Disclaimer: I own nothing you recognise.

Written for:

The If you dare challenge : prompt no2 Vague Misery

The Greenhouse Competition : Bleeding Heart

HP Potions Competition : Dragon Tonic

The 6 Senses Competition: Emotion, Pain

Pairing – Harry/Ginny

Warning – Unrequited Love for Charlie

I watched him outfly a Dragon and I fell in love. I sit in the second row of chairs, waiting for my little sister to walk down the aisle to the only man I have ever loved. He stands, my youngest brother beside him, a smile brighter than the sun lighting up his face as he nods his head to whatever Ron has just whispered in his ear. My mother sits in front of me with Andromeda and Teddy, laughing quietly together, the happiness radiating from their every pore. Bill and Fleur beside them, snuggled together cooing over my niece, in the way only new parents can. George is beside me, talking animatedly to Angelina, who is gazing adoringly at him, her engagement ring sparkling in the sun. All around me, people talk happily none aware of the almost numbness that has taken over me, the feeling of vague misery the only feeling I have.

Music starts and people swirl in their seats. Hermione appears, Luna not far behind her, both looking beautiful in the pale pink bridesmaid dresses my little sister has chosen. Next comes Ginny, my father leading her, and there is a collective gasp from the onlookers. Even as I stand here, hating her for having what I want most, I feel a spark of pride. That is my little sister, and she looks breath-taking. I turn to look, despite the pain I know it will cause me, to see the love in Harry's eyes as he sees her, his expression like a blind man seeing the sunset for the first time. A knife cuts through my gut, wishing that look was for me.

I watch as my dad hands over my little sisters hand to Harry, the smiles they all exchange and the look of excitement in the eyes of the soon to be newlyweds and I sigh quietly to myself. That could have been me, no, that should be me. Harry should look at me with that expression in his beautiful eyes, should smile at me like I'm the only person in his world, should want to wake up beside me every morning, spend every spare bit of time with me, and love me the way I love him. The way I will always love him.

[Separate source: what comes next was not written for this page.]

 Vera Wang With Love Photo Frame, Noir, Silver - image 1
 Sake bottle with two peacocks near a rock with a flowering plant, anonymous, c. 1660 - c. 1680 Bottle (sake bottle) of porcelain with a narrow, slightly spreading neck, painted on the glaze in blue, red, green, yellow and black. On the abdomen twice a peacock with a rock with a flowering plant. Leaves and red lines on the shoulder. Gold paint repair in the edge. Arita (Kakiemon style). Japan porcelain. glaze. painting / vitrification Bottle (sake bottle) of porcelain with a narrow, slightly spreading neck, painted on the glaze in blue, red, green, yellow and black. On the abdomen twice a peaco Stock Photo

The vows are exchanged, rings forever placed on fingers, the doves let loose. Mum and Andy are crying, Tears are visible in dads eyes. The new Mr and Mrs Harry Potter are announced and the applause is immense. People are forming a queue all wanting to congratulate the couple, all wanting to wish them well for the future. I stay in my seat, gazing into nothing, pain crashing over me in waves. I look up, and see Harry looking at me, a hint of concern in his otherwise happy eyes. I try to smile but cannot bring my lips to cooperate. Instead I stare for a moment, taking in as much detail as I can, before I let the tear in my eye drop to my cheek and apparate away.

I'm in love with Harry Potter, and I always will be.